The Time For Planning Is Now
Ninety percent of the 21 million U.S. businesses are family-owned, and one-third of the Fortune 500 are either family-owned or family-controlled. Yet only 30 percent of family-run companies today succeed into the second generation. An even smaller 15 percent survive into the third. The reason, according to many experts, is obvious: the lack of an orderly succession plan.
"It is a daily miracle that there are any owner-managed firms left in the world with so few making plans for their own continuity," observes Leon Danco, founding director of the Cleveland-based Center for Family Business. "The toughest thing for the entrepreneur to realize is that time is constantly running out. Most owners don't plan because they don't think they are ever going to retire or die."
Owners should begin planning while they are still healthy and active in their enterprises. "If you wait until after you're 65, you can't do many of the jobs associated with succession planning, such as teaching, explaining how the business operates and passing on the spirit and vision with which it was founded," notes Dr. Michael Sales, co-founder of The Family Business Resource Center in Newton, Massachusetts.
The time to plan is between the ages of 55 and 65, experts advise. And the handing over of the baton -- the plan itself -- should be a process, rather than a single event. Some succession consultants recommend a three-to-five year plan while others advocate five to 10. Some even recommend 10 to 15 years. All agree, however, that the more time allotted for planning, the better the outcome will be.
Adequate planning time enables you to test potential successors in different roles and evaluate their maturity, commitment, business acumen and leadership abilities. If you've already anointed your successor, adequate planning time allows that individual to build up expertise so the passage transpires so gracefully that no one in the company even feels it happen.
Let The Planning Begin
Begin by writing down your thoughts about when you want to step away from the daily operations of the business. Would you like to spend more time with your spouse? What do you want to accomplish over the next 15 years and how much money do you need? What personal goals could you achieve if you weren't running the company and what would success in a new endeavor mean to you?
Next, advises Sales, discuss your ideas about the future with your family, senior management team and key employees. Decide how long you want to remain active in the company and in what capacity. If you see retirement as an opportunity to travel, be sure to include that in your discussion as well as where you want to live and what role, if any, you want to play in your community.
At the same time, think about the long-term stability of the business. Most corporations and partnership business agreements spell out what will happen in terms of shares of stock, assets or the buying out of the company by remaining principals or partner(s) if one of the owners or principals retires, dies or becomes disabled. But sole proprietorships often operate without any such legal blueprint, almost as if the owner is immortal.
Once you've established these parameters, begin revising your business plan -- assuming you already have one -- or write one if you don't.
The most effective business plans are prepared by owners in conjunction with their successors. They include any future new products, plans for expansion, growth or new investment, and a candid assessment of a company's current environment and competitive positioning. This joint business plan exercise will give you an opportunity to evaluate your successor's goals and ideas for the firm, while forcing your successor to think through and write down specific plans for running the operation.
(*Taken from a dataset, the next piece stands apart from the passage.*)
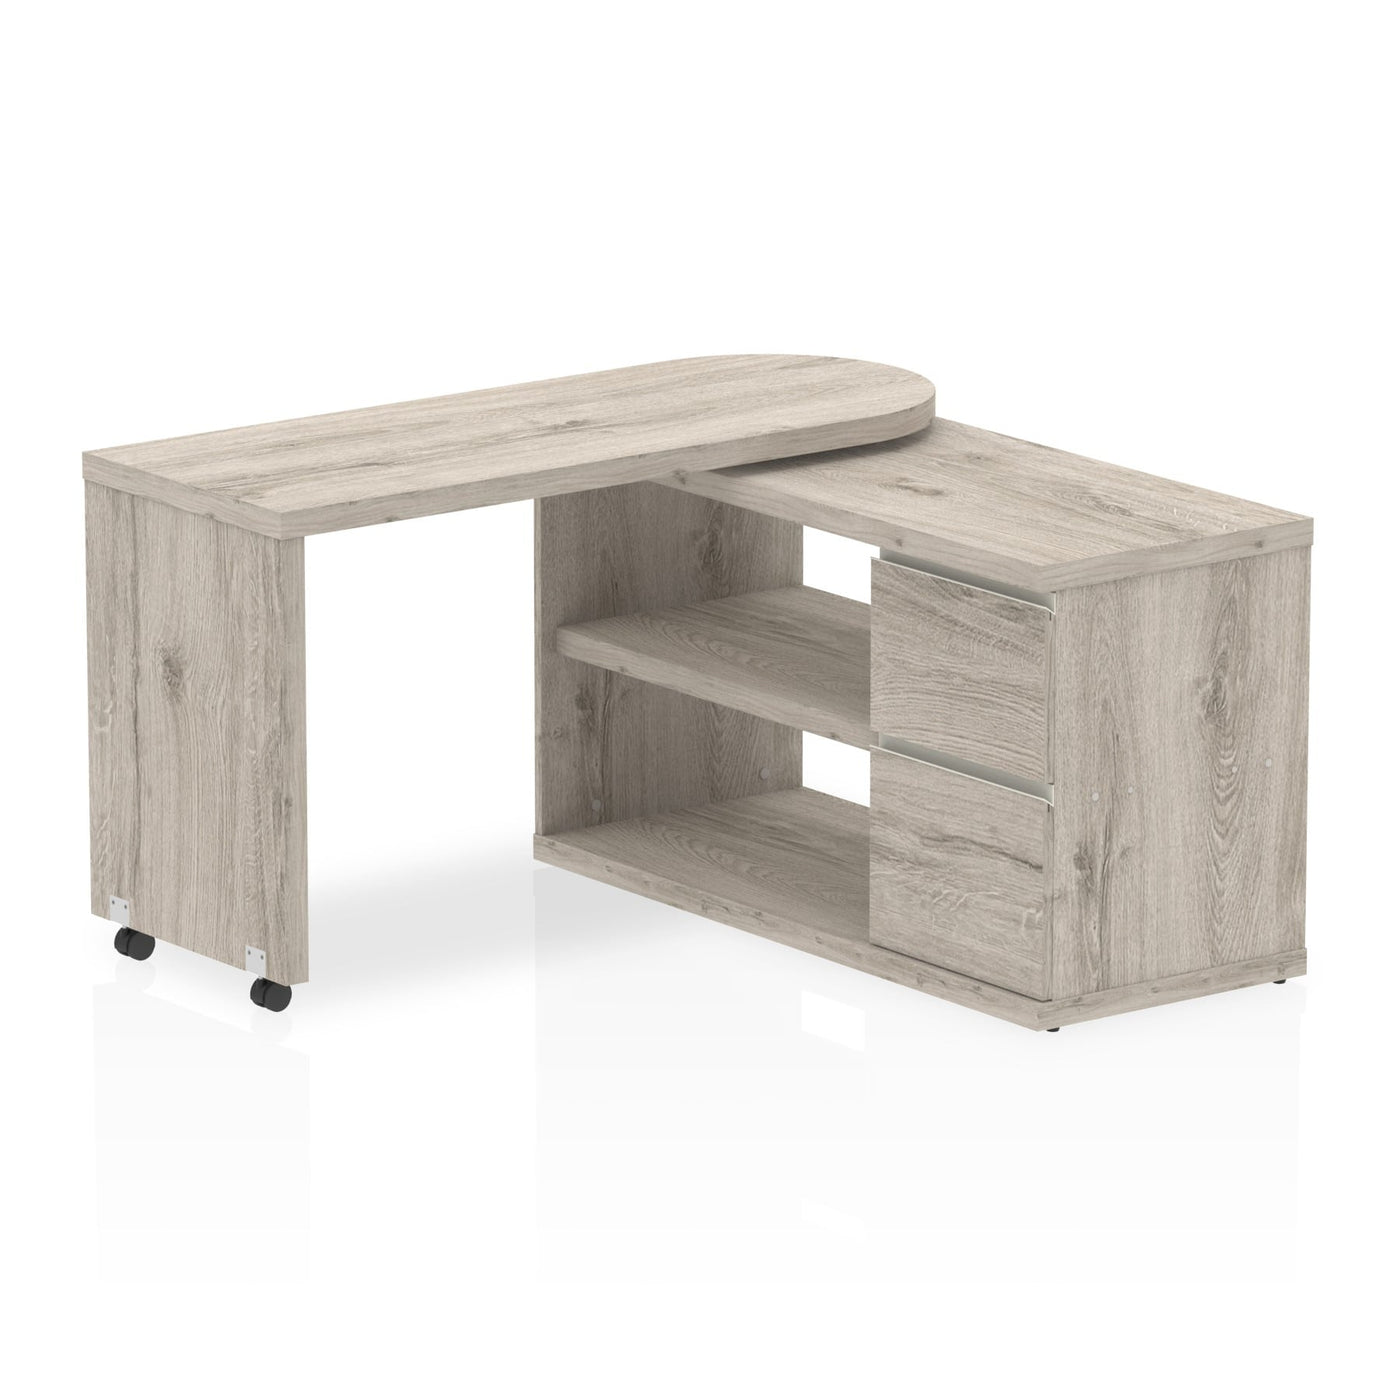 Fleur Smart | Home Office Furniture | Smart Storage Desk | Homework Desk | Work From Home Desk  | Wooden Desk | Desk Converts to Storage | Desk that does not look like a desk

And as your successor is putting thoughts down on paper, recommends succession planning expert Mike Cohn in his book, Passing the Torch, you as current owner should be developing a business transfer plan. In it, identify certain "trigger dates," including dates when:
This timeline will also help you determine the length of time you have available to train your successor, Cohn adds.
Another critical component of succession planning is the appointment of a board of directors. "One of the greatest devices for the continuation of a business is an outside board," believes Leon Danco, "especially if you are passing your business on to your children.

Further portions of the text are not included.